Мишка с Диманом, как самые продвинутые, вооружились навигаторами, чтобы искать при помощи технических новинок, а мы продолжили по старинке – на всех перекрестках притормаживали и в разные стороны смотрели в сумеречные переулки. Ничего и никого не было в переулках, только сгущавшиеся сумерки, старые заборы и облетевшие кусты.

Его нашел Мишка.

Позвонил и заорал так, что я чуть не уронила трубу.

«Я его держу, – орал Мишка. – Он здесь, со мной!..»

Все члены мафиозного клана как-то в одну секунду съехались на угол улицы Коммунистического Интернационала и Клары Цеткин, где Мишка держал за ошейник совершенно мокрого самурая.

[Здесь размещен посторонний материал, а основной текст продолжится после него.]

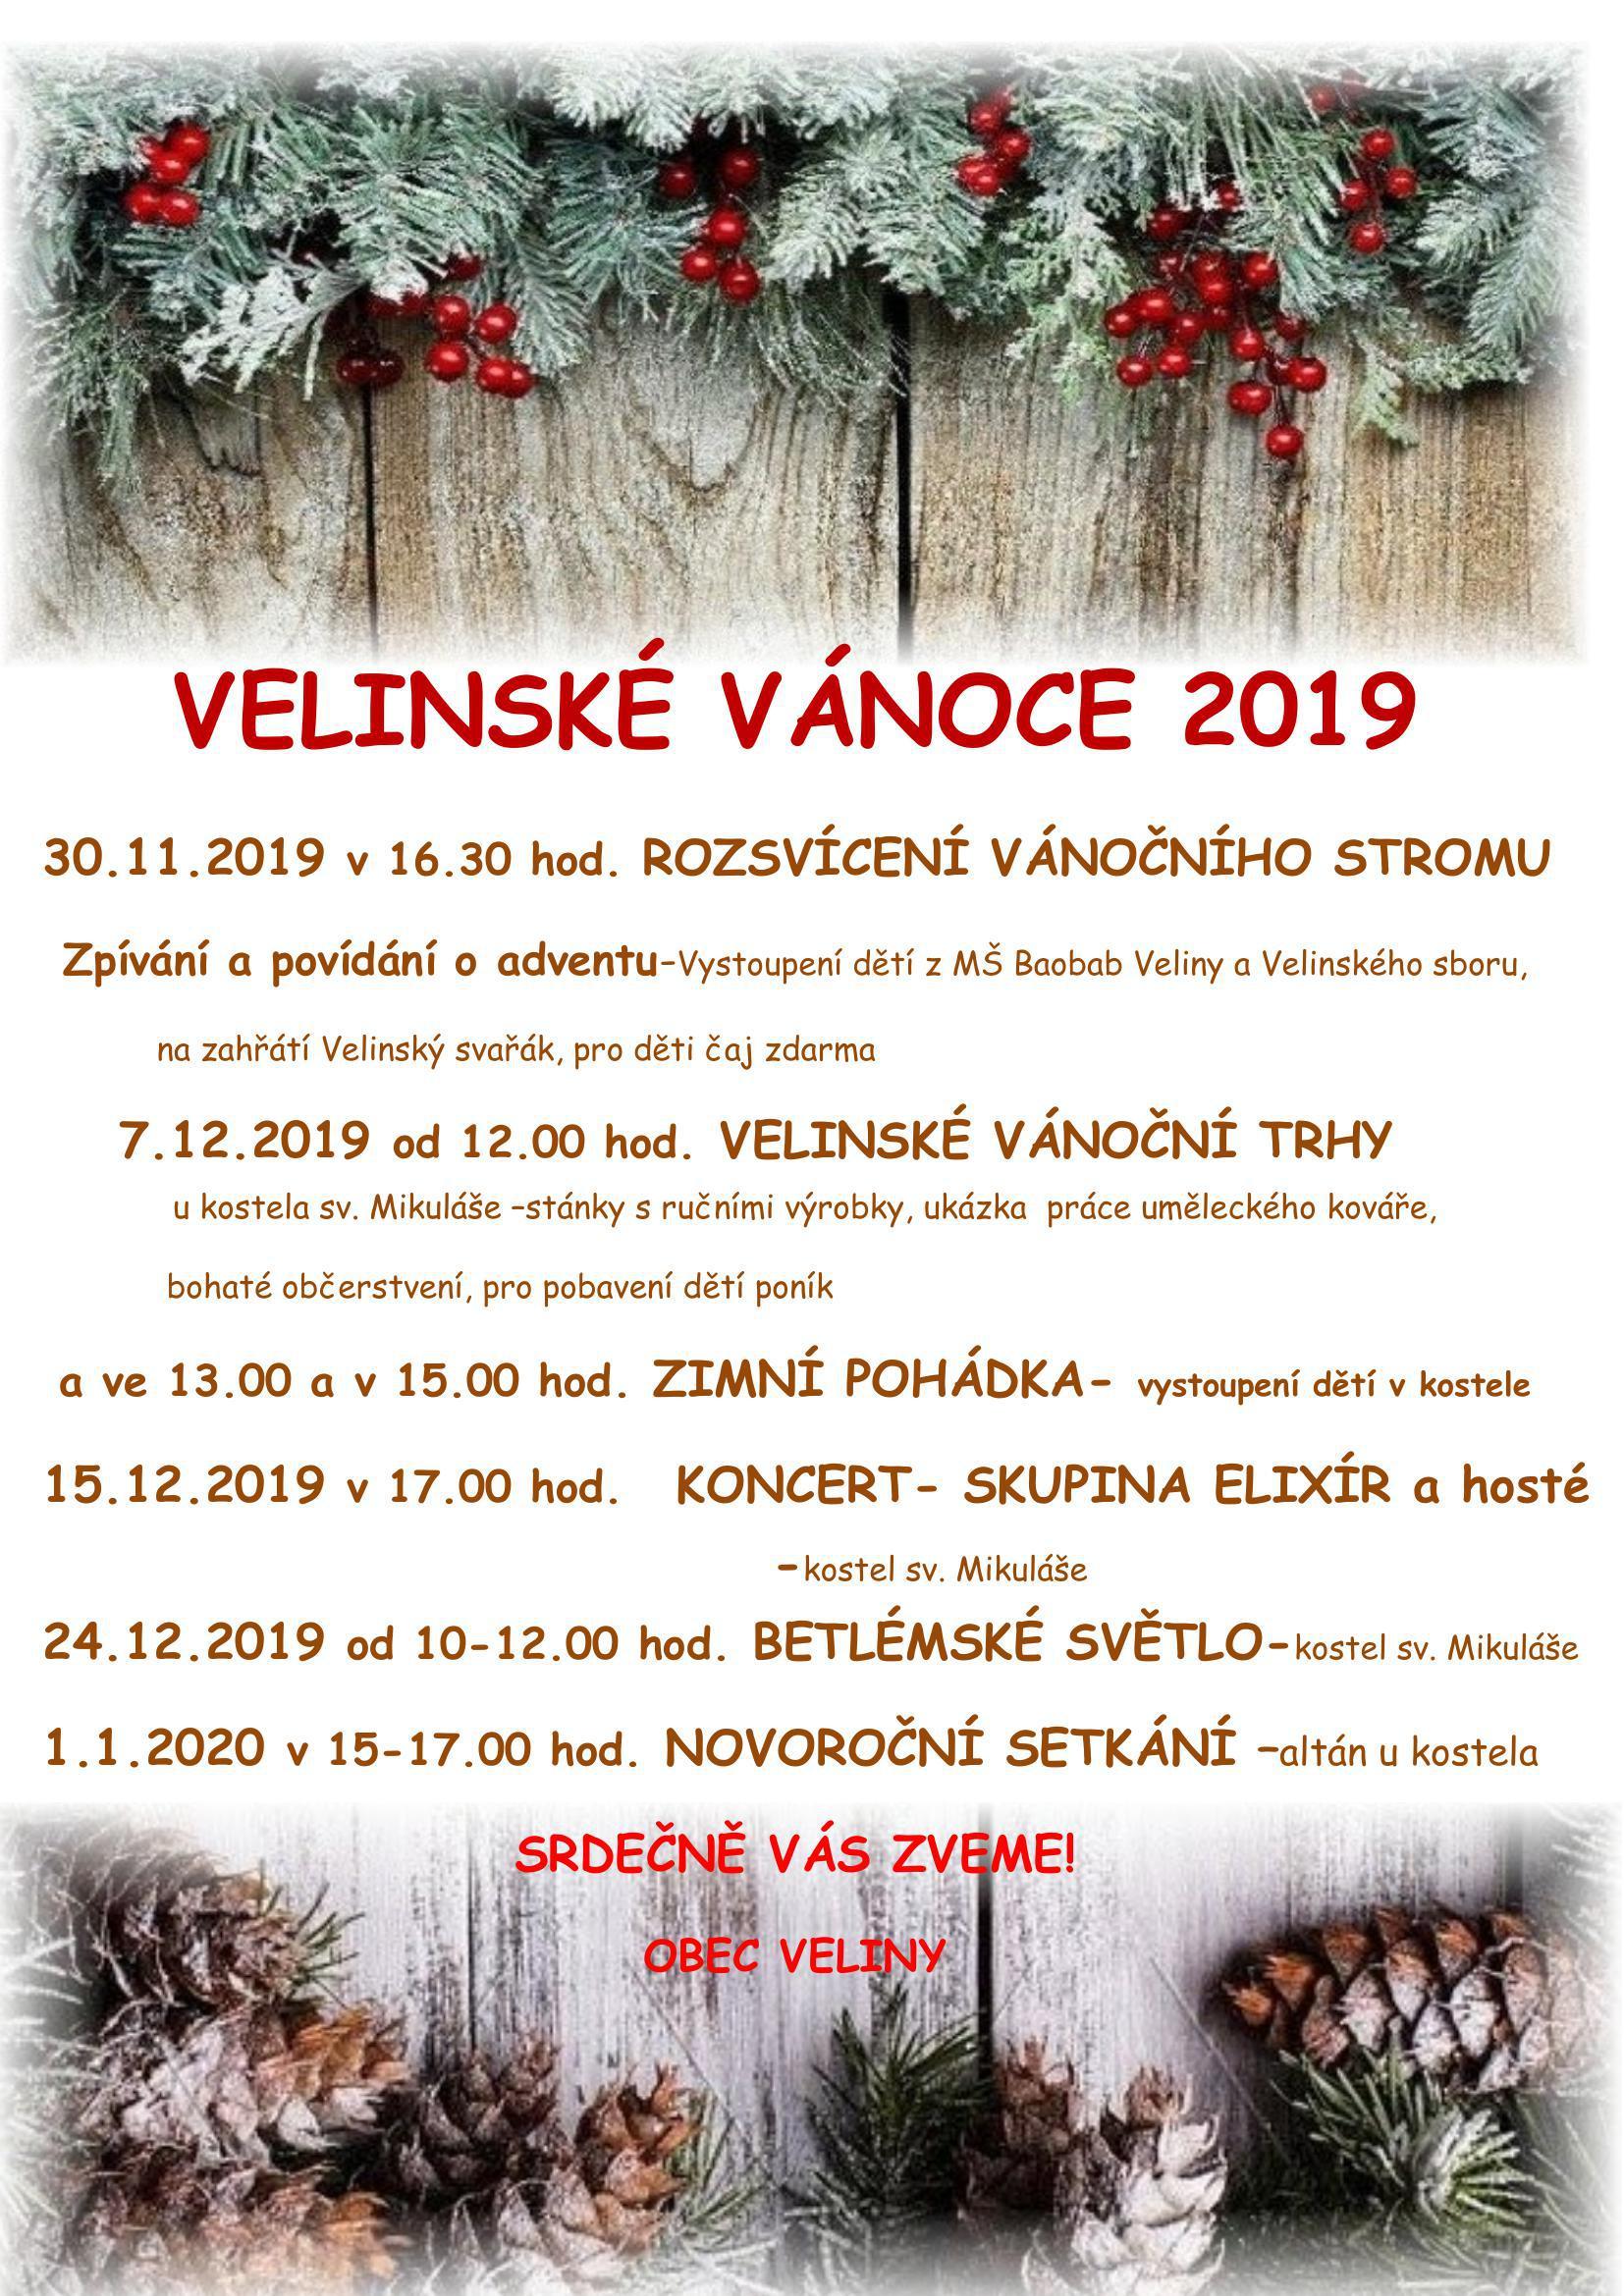 VELINSKE_VANOCE

Он был страшно рад нас видеть.

Мы затолкали его в багажник, захлопнули дверь, заперли замки, выдохнули и закурили – даже те, которые отродясь не курили.

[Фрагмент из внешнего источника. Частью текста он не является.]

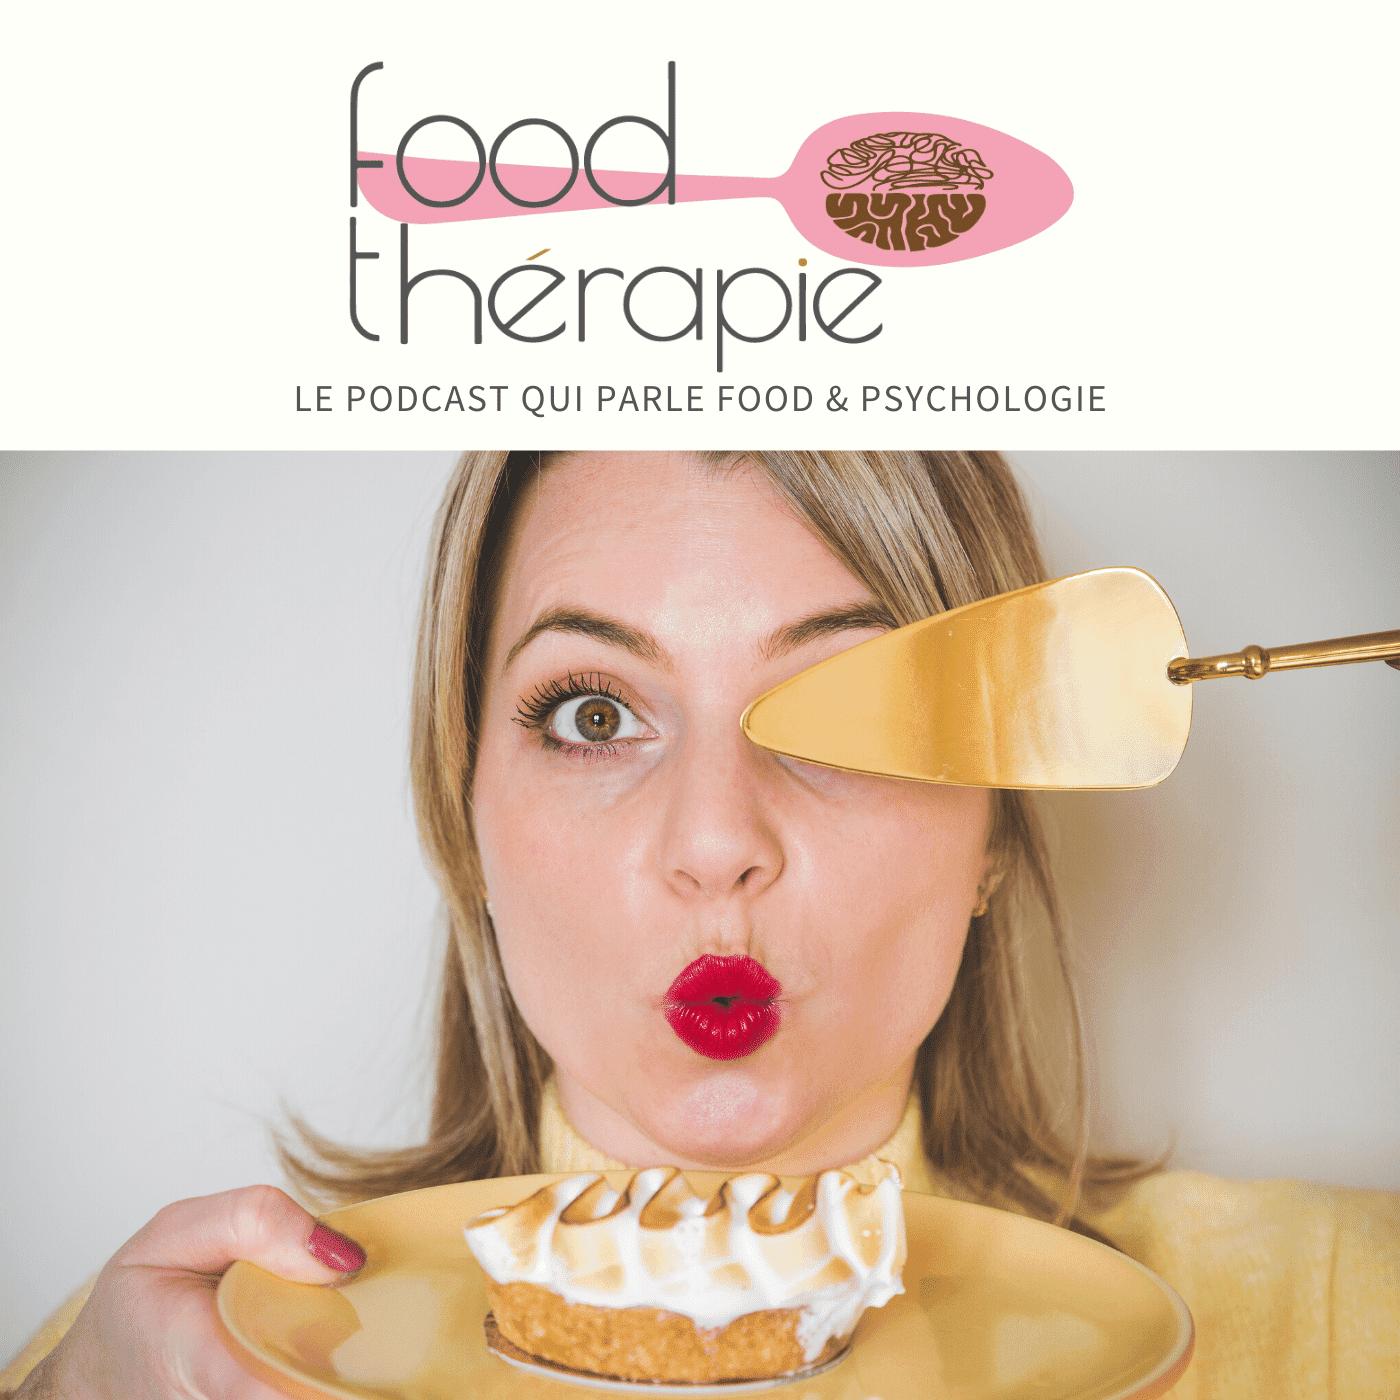 Artwork for podcast Food Thérapie

Кругом была ночь, снег пошел. Мы все продрогли, вымокли, устали и были абсолютно счастливы.

Мы громко говорили, хлопали друг друга по плечам, то и дело заглядывали в багажник и сообщали Микимото, что он последний идиот, и обзывали его другими разными неприличными словами, потом лезли в машину, трясли его за уши – он радостно улыбался – и обсуждали «операцию», и вспоминали подробности, и сотый раз требовали, чтоб Мишка рассказал, как он его увидел, совсем рядом с домом, как бросил машину, выскочил, побежал, догнал!..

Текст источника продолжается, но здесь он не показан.